Sweet spot: tasks that run for 2–10 minutes each. For faster tasks, batch them.

Batching

The most important optimization. Instead of sending 10,000 tiny tasks, group them:

# Bad: 10,000 tasks of 0.1s each — overhead dominates
starburst_map(1:10000, quick_fn, workers = 100)

# Good: 100 tasks of 100s each — overhead is negligible
batches <- split(1:10000, ceiling(seq_along(1:10000) / 100))
starburst_map(batches, function(batch) lapply(batch, quick_fn), workers = 100)

Batch size formula:

# Profile your function first
per_item_time <- 0.5   # seconds, from local profiling
target_task_duration <- 60  # aim for 60s minimum per task

batch_size <- ceiling(target_task_duration / per_item_time)
# Result: 120 items per batch

Choosing Instance Types

Instance	Architecture	Price/Perf	Best For
c8a	AMD 8th gen	★★★★★	Default — best overall
c8g	Graviton4 ARM	★★★★	Best ARM64 option
c7a	AMD 7th gen	★★★★	Proven, stable
c8i	Intel 8th gen	★★★	High single-thread needs

# Recommended: c8a with spot instances
plan(starburst,
  workers     = 50,
  instance_type = "c8a.xlarge",  # AMD 8th gen — best price/performance
  use_spot    = TRUE             # 70% cheaper than on-demand
)

Spot vs on-demand (50 workers, us-east-1):

c8a on-demand:  $7.20/hr
c8a spot:       $2.16/hr   ← 70% savings, low interruption risk

The Startup Cost Problem

Workers need ~2 minutes to start cold (pool warmup + environment sync). This cost is fixed — it doesn’t scale with job size.

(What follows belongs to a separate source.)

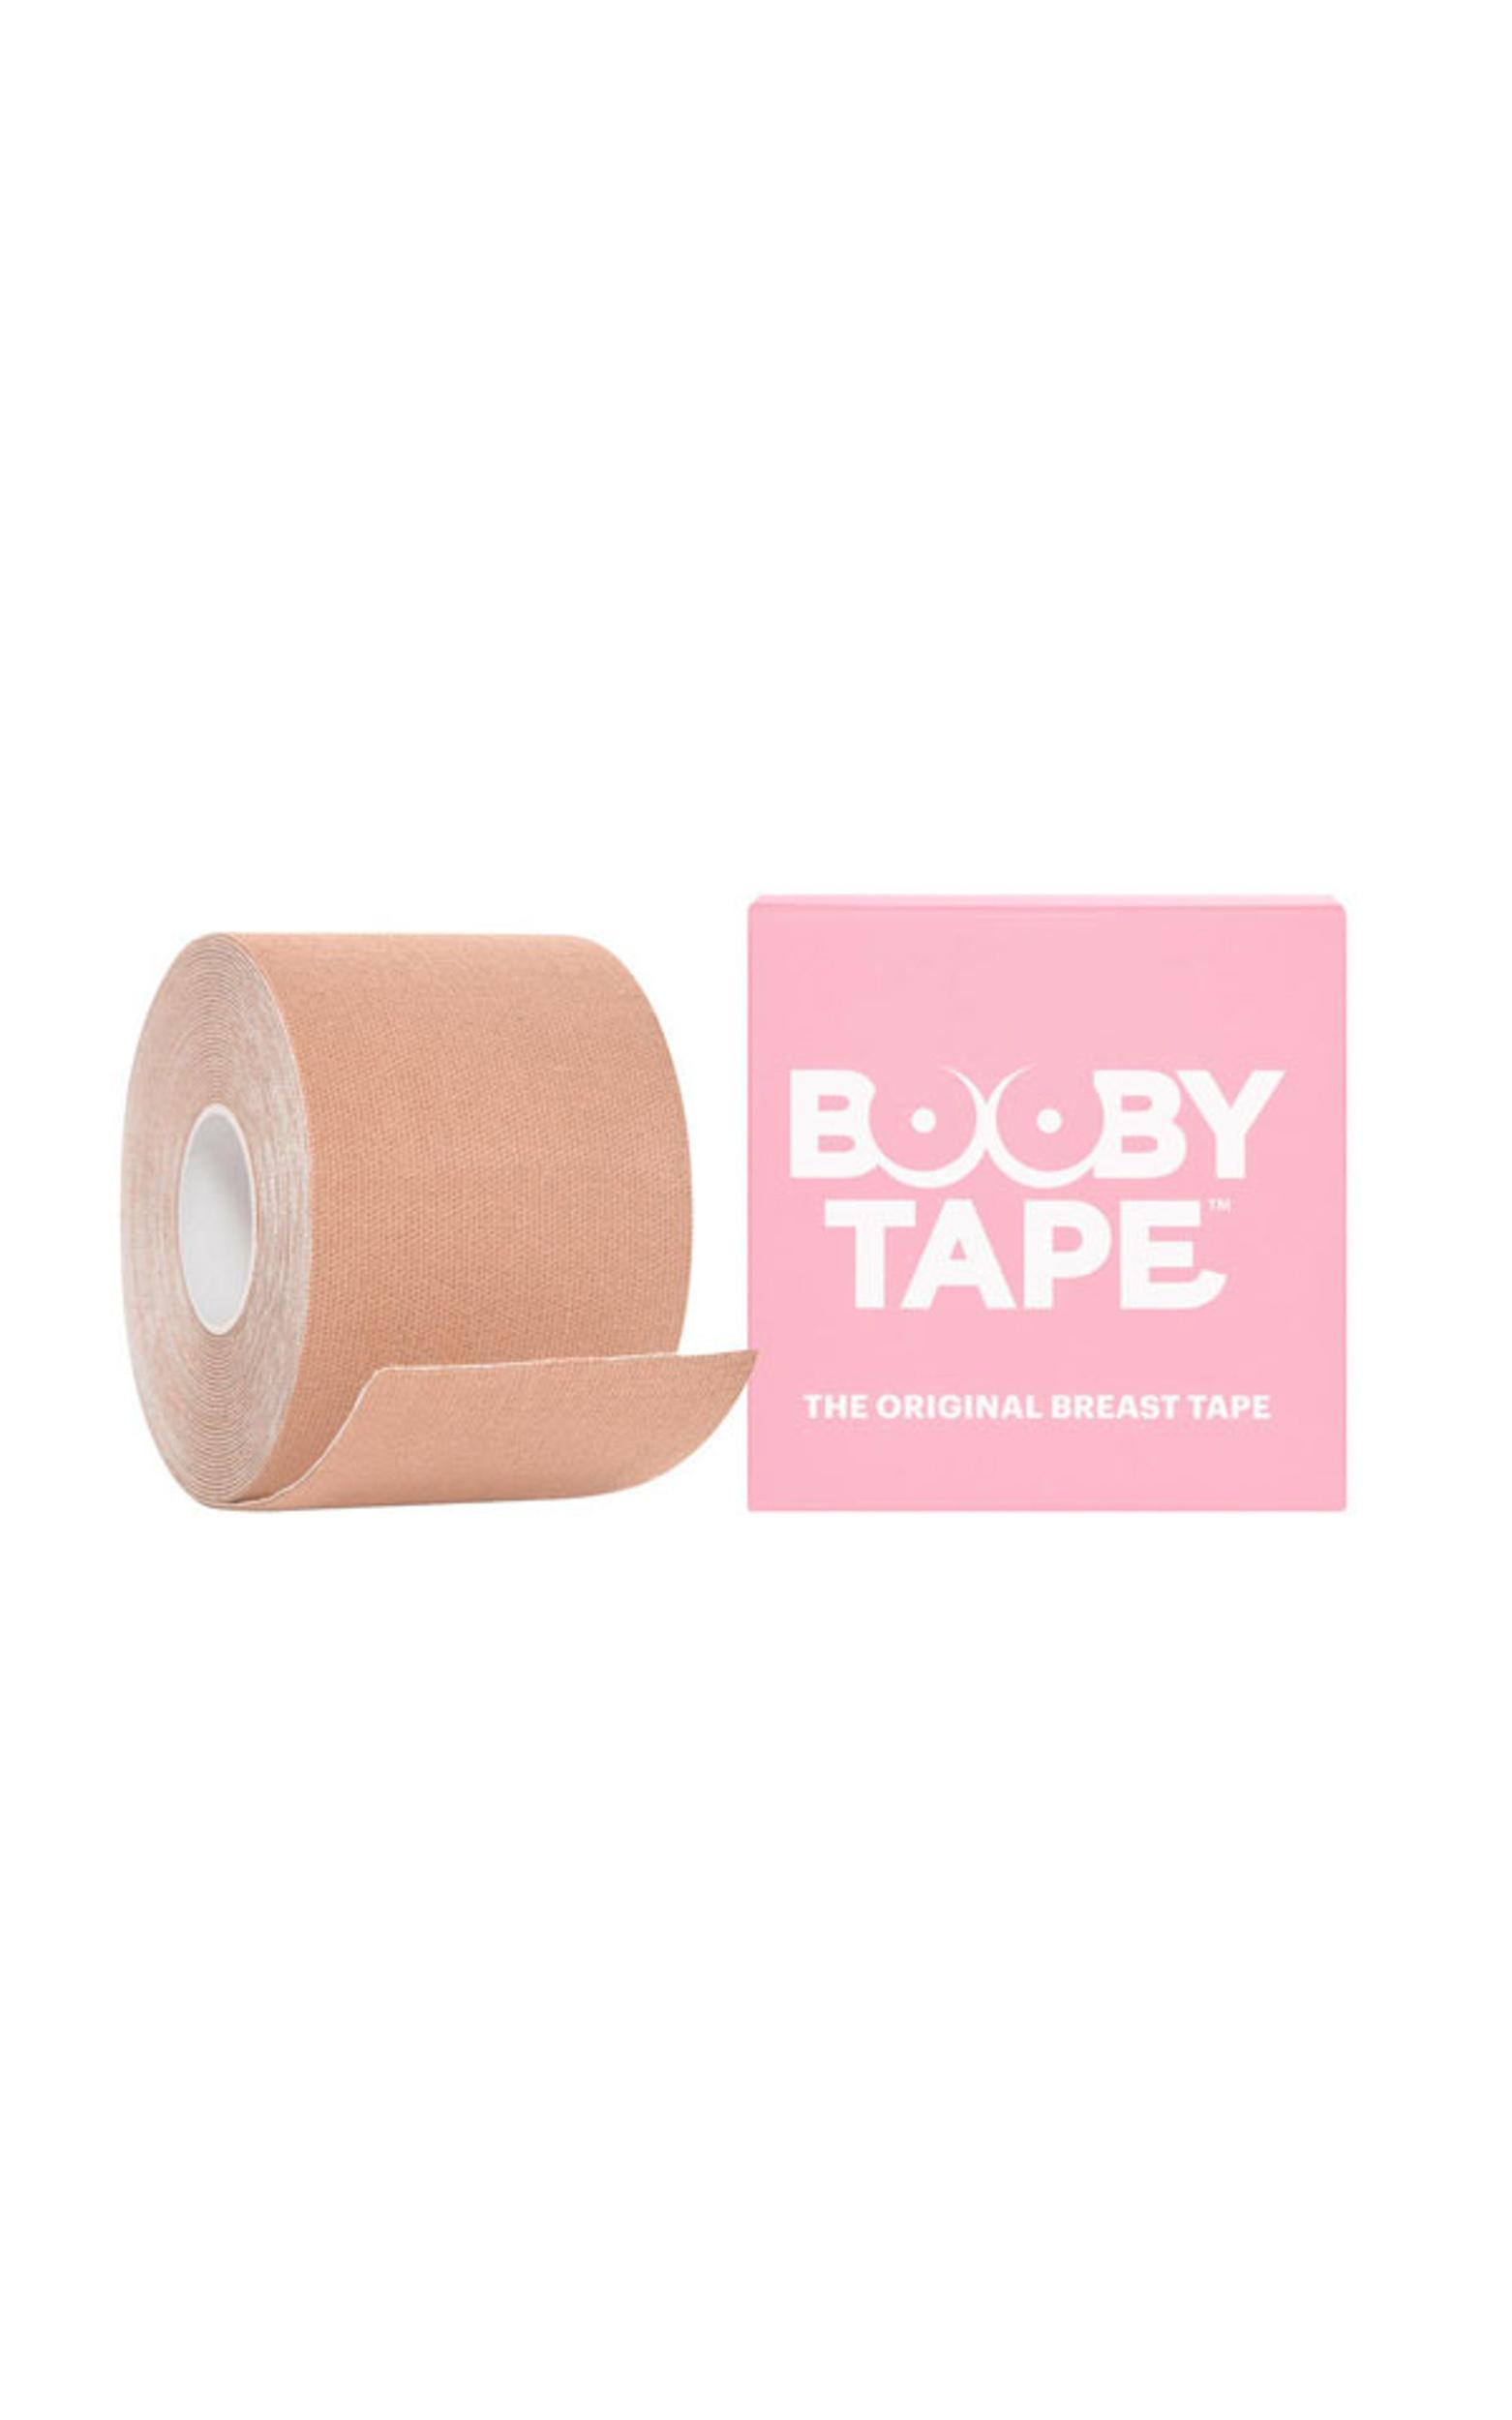 Booby Tape in Nude, BRN1, hi-res image number null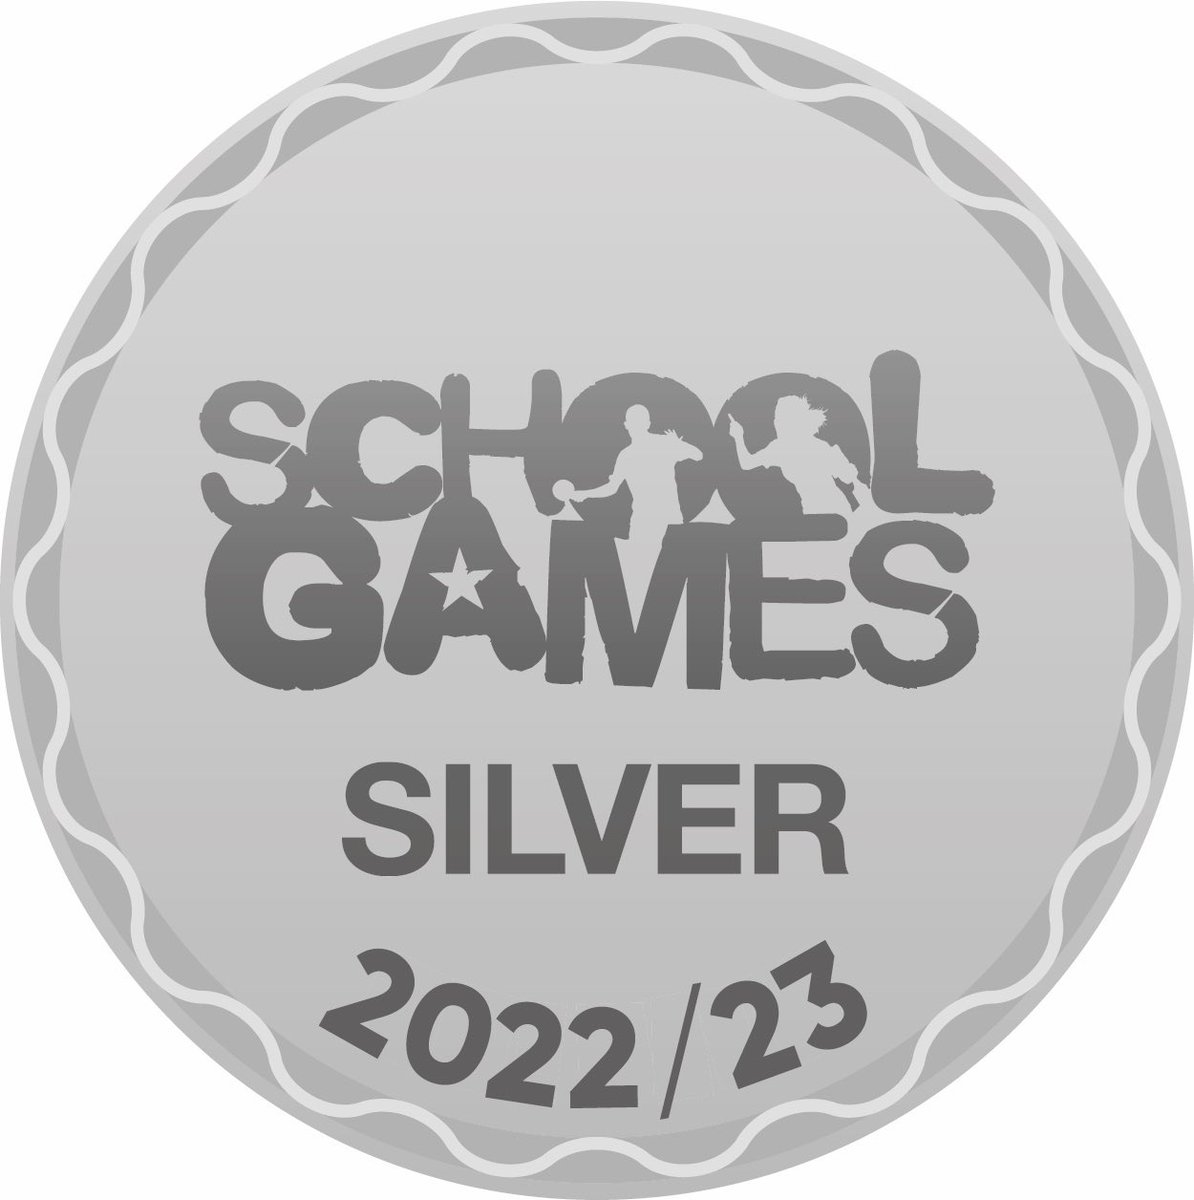 Well done to @SportsStGeorges achieving SILVER @YourSchoolGames award- great achievement 👏👏

The key is to amortize it.

Run once — marginal value

Local parallel (M4 Pro):  67.5 min, $0
Cloud 50 workers (cold):  46.5 min, $3.82
  → Saved 21 min for $3.82 = $10.91/hr saved
  → Marginal

Run 10 times (parameter sweep) — much better

Local parallel:            675 min (10 × 67.5), laptop tied up
Cloud (workers stay warm): 375 min (10 min startup once + 10 × 36.5)
  → Saved 5 hours for $38 = $7.64/hr saved
  → Good value, laptop stays usable

Daily recurring job — excellent

100 runs/month
Local:   6,750 min, laptop tied up 4.7 hrs/day
Cloud:   3,660 min, 0.1% startup overhead
  → ~$380/month, 51 hours saved

Decision Framework

How long is the workload?

< 30 min:     Don't bother
30–60 min:    Local probably better
1–4 hours:    Cloud starts to make sense
4–8 hours:    Cloud clearly better
> 8 hours:    Easy choice

How many times will you run it?

Once:          Startup is ~20% of job time
2–5 times:     Startup amortizes to ~5–10%
10+ times:     Startup < 2%
Daily:         Keep warm pool, effectively zero

What’s your local hardware?

4–6 cores:         Cloud dominates
8–10 cores (M4):   Cloud wins but it's closer
16+ cores:         Cloud might not win on speed
HPC cluster:       Use your cluster

Common Patterns

Pattern: One-shot analysis — use local

library(parallel)
cl <- makeCluster(detectCores() - 1)
results <- parLapply(cl, data, your_function)
stopCluster(cl)

Pattern: Parameter sweep — use cloud

# Pay startup cost once, run many combinations
for (alpha in seq(0.1, 1.0, 0.1)) {
  for (beta in seq(0.1, 1.0, 0.1)) {
    results <- starburst_map(
      data,
      function(x) model(x, alpha = alpha, beta = beta),
      workers = 50
    )
  }
}

Pattern: Daily production job — keep warm pool

# Start warm pool once in the morning
plan(starburst, workers = 50, warm_pool_timeout = 28800)  # 8 hours

# All runs during the day start in < 30s
results_am <- starburst_map(morning_data, process)
results_pm <- starburst_map(afternoon_data, process)
# Pool shuts down automatically after 8 hours of inactivity

Pattern: Hybrid — develop local, scale on cloud

# Iterate quickly on a small sample locally
results_test <- lapply(data[1:100], your_function)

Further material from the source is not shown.